Insights | Our Young Blogger Reviews Sleeping Beauty
By Kieran Wyatt
An almost tangible excitement precedes a Christmas pantomime, especially when accompanied by a trip to the theatre.
I remember being about ten years old stuck on a hot, sticky coach stuffed with Girl Guides, making my way to The Grand Theatre, Blackpool. My excitement bubbled into a voice that in no estimation could be described as ‘indoor’. But we weren’t indoors – we were in a coach taking us to a haven of sweetie throwing and jokes thrown right over our heads.
Maybe the panto we were all so excited to see was Peter Pan with Barney Harwood, but it so easily could have been Cinderella with a starring role for a long forgotten children’s TV presenter, Jennifer Pringle or Naomi Wilkinson from Five’s Milkshake, perhaps. Eight years later, last Friday night, I went to The Grand Theatre with my friend Pip, holding in my hands the same excitement prevalent in my eight year old self. The Grand’s panto this year is the brilliant Sleeping Beauty which promises only to get better as its long yuletide run continues.
Underneath it all he was laughing, on the surface his seventeen year old mug was only letting out a slight smile. Contrastingly, the 2nd Freckleton Rainbows and Brownies wore the boos and corny laughs readily on their sleeves. Sitting in the dress circle, directly beneath a box stuffed with purple swords and wand waving kids, I sat and enjoyed the first pantomime of the season.
Friday night saw a packed stalls and dress circle at The Grand Theatre; as a consequence Sleeping Beauty’s opening night was uplifted and given a substantial jolt of energy by the yelps and hello Billies of a gleeful audience.

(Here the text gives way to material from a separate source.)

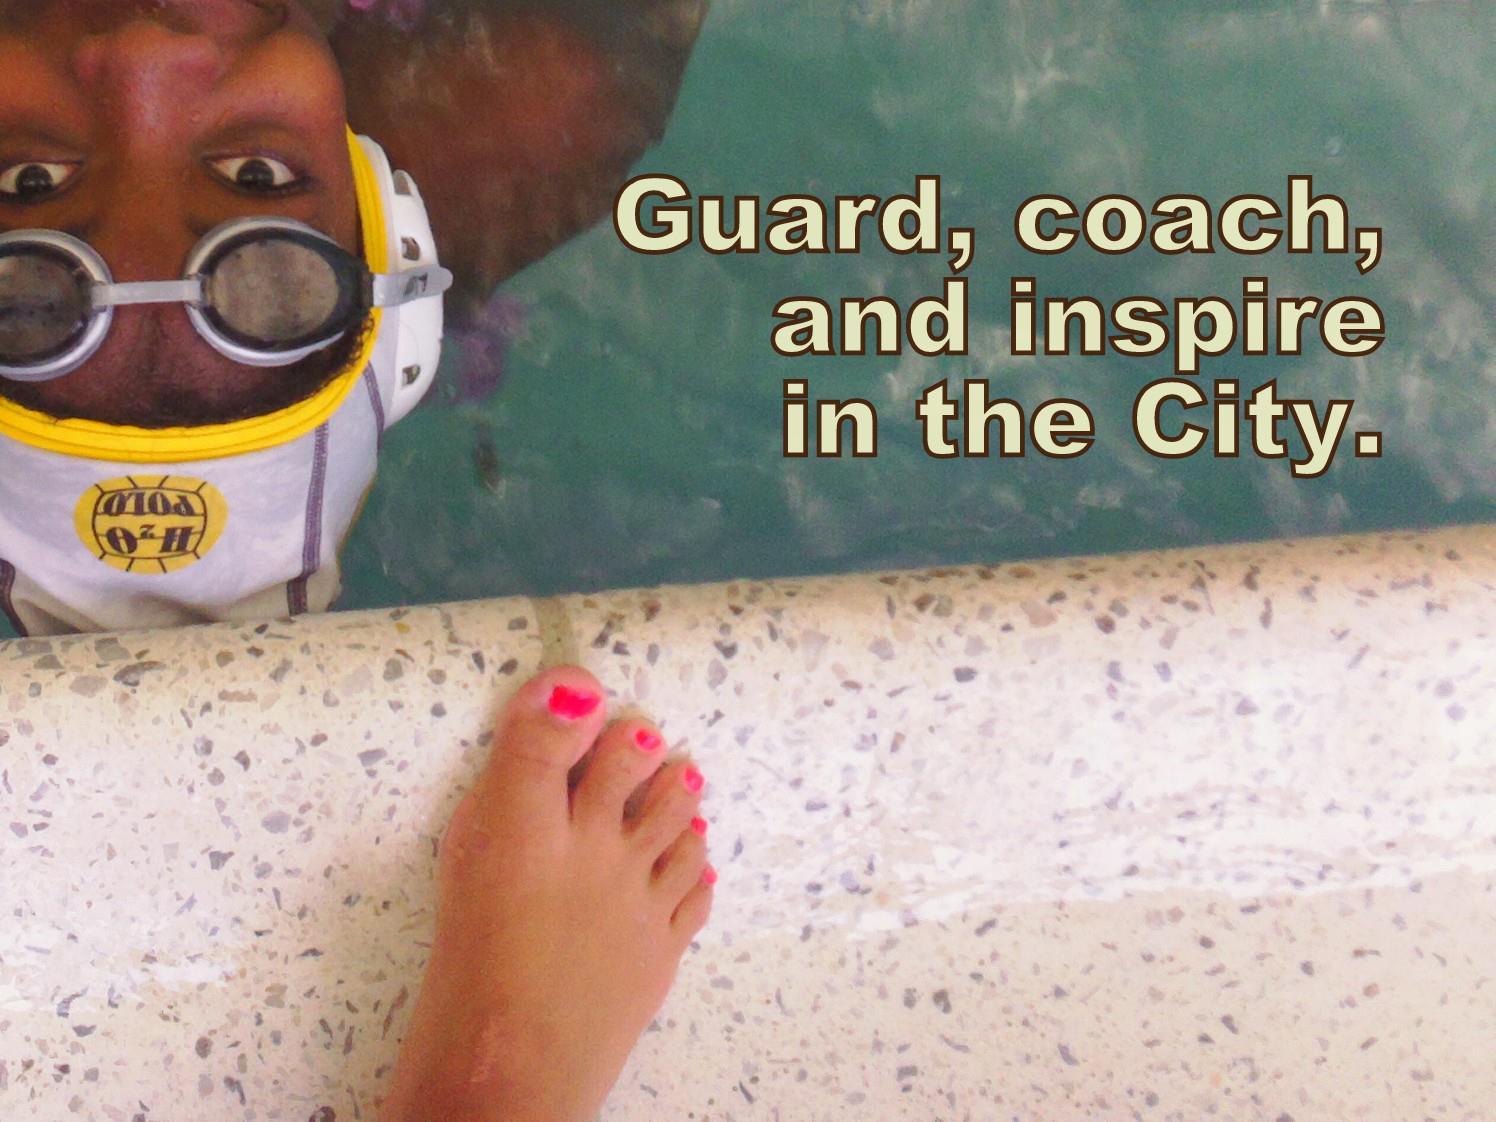 Guard, coach, inspire
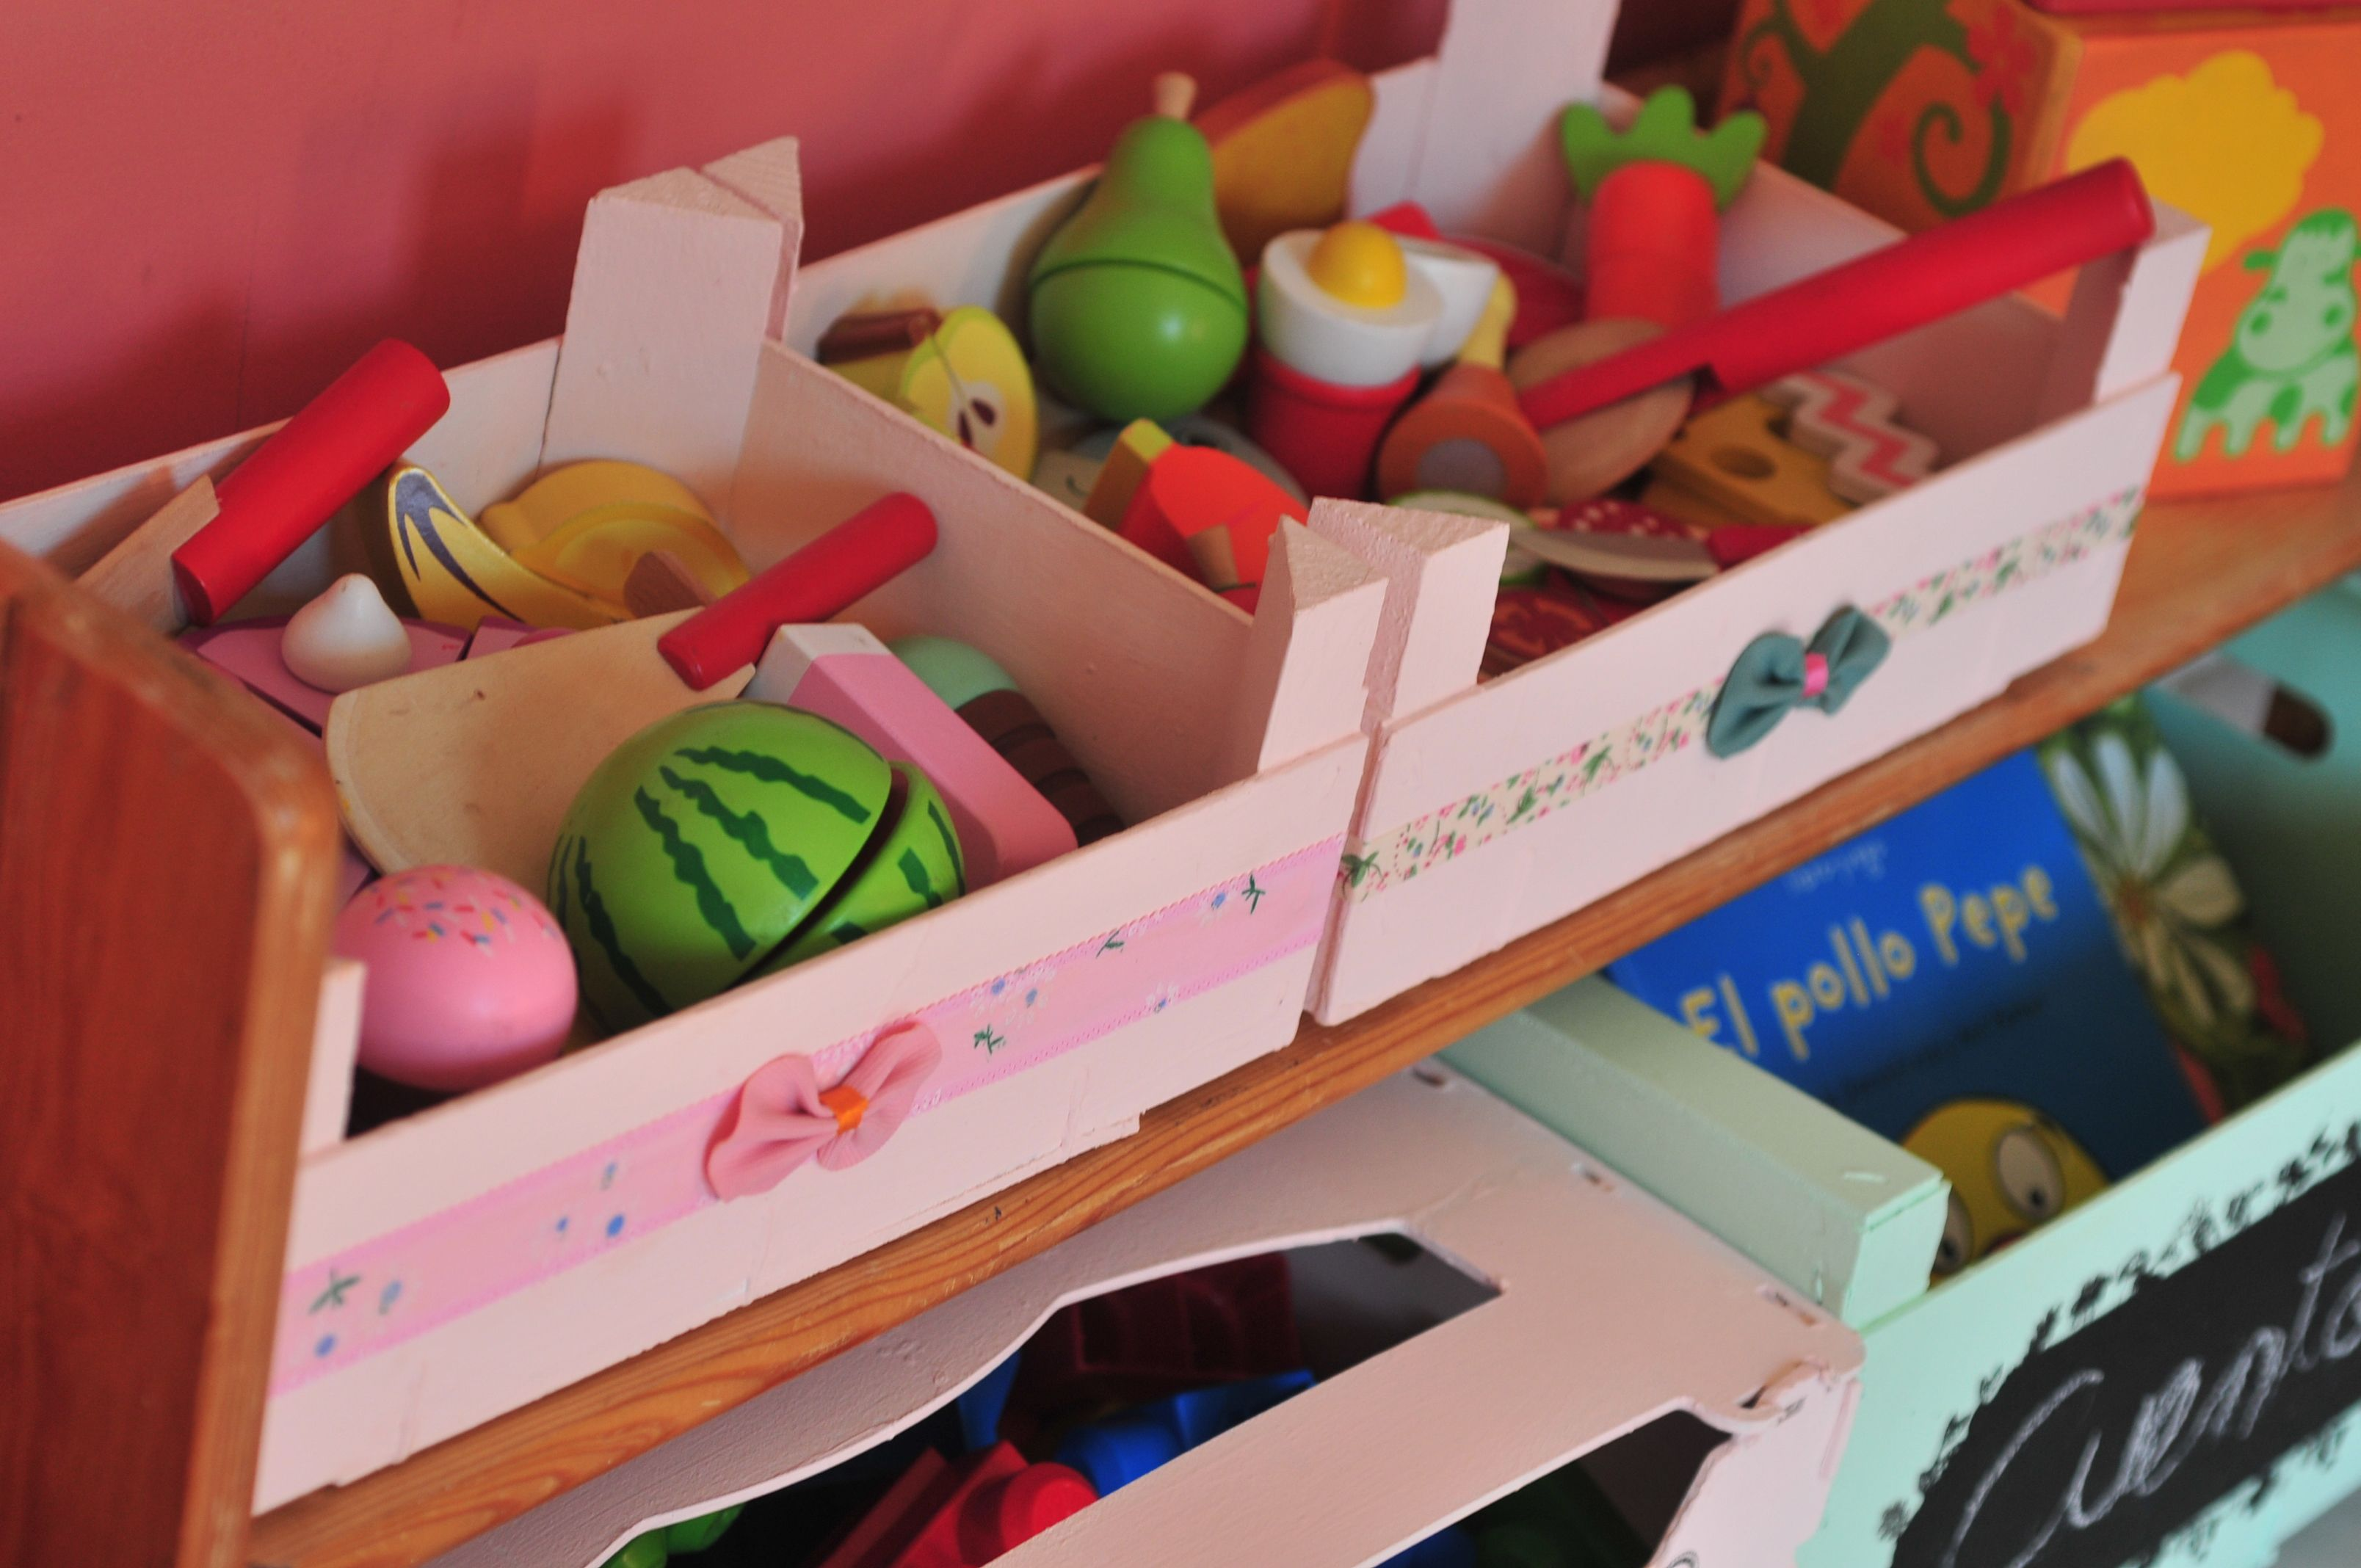 Cajas de fresas fruta madera diy reciclar cajas fresas decoradas pinterest fresa fruta - Cajas fruta decoracion ...

At the end of the day a pantomime hinges on two things – the audience and the players. Thankfully The Grand’s panto this year features a stellar class, the biggest draw being Dance Mums’ Jennifer Ellison who plays the big baddie, Carrabose. Everybody’s performance is great; however, Ellison stands out as a genuinely sinister witch with beautifully smoothed yet slightly croaked elocution, perfect for the role.
Regulars Steve Royle and Hayley Kay return, Kay in particular honing her act from last year as The Good Fairy and bringing a light rhyming touch to the whole parade. Royle returns to bring to the Grand his usual funny fare, juggling knowingly bad jokes and gentle jibes at the audience. Although the whole event is rather predictable, there is something joyous is yelling out the punch line to a cringe worthy joke.
A great atmosphere poured through the still beautiful theatre on the long Friday night. There is always a fat, shimmering juxtaposition between the glitz and purple streams of panto merch and the curved, bronzed architecture of The Grand. The atmosphere of The Grand during a panto night is one of my favourite things about the season. Sleeping Beauty holds everything you would expect in a traditional pantomime but also some spectacular special FX. When used sporadically and economically – like in this sparkling production – these sparks and screens of fiery dragons, are very effective.
The panto reached half time and the house lights went up. I looked to my left at the gang of bouncing Brownies and Rainbows. To my immediate left an elderly couple were holding hands, still laughing at Royle’s last piece of word play. There was a great mix of an audience on Friday night. For me this was the moment where I truly began to enjoy the show, seeing the reactions of small children, and big kids alike solidified for me the idea that panto is for everyone.
Sleeping Beauty is playing at The Grand Theatre from now until the 4th January.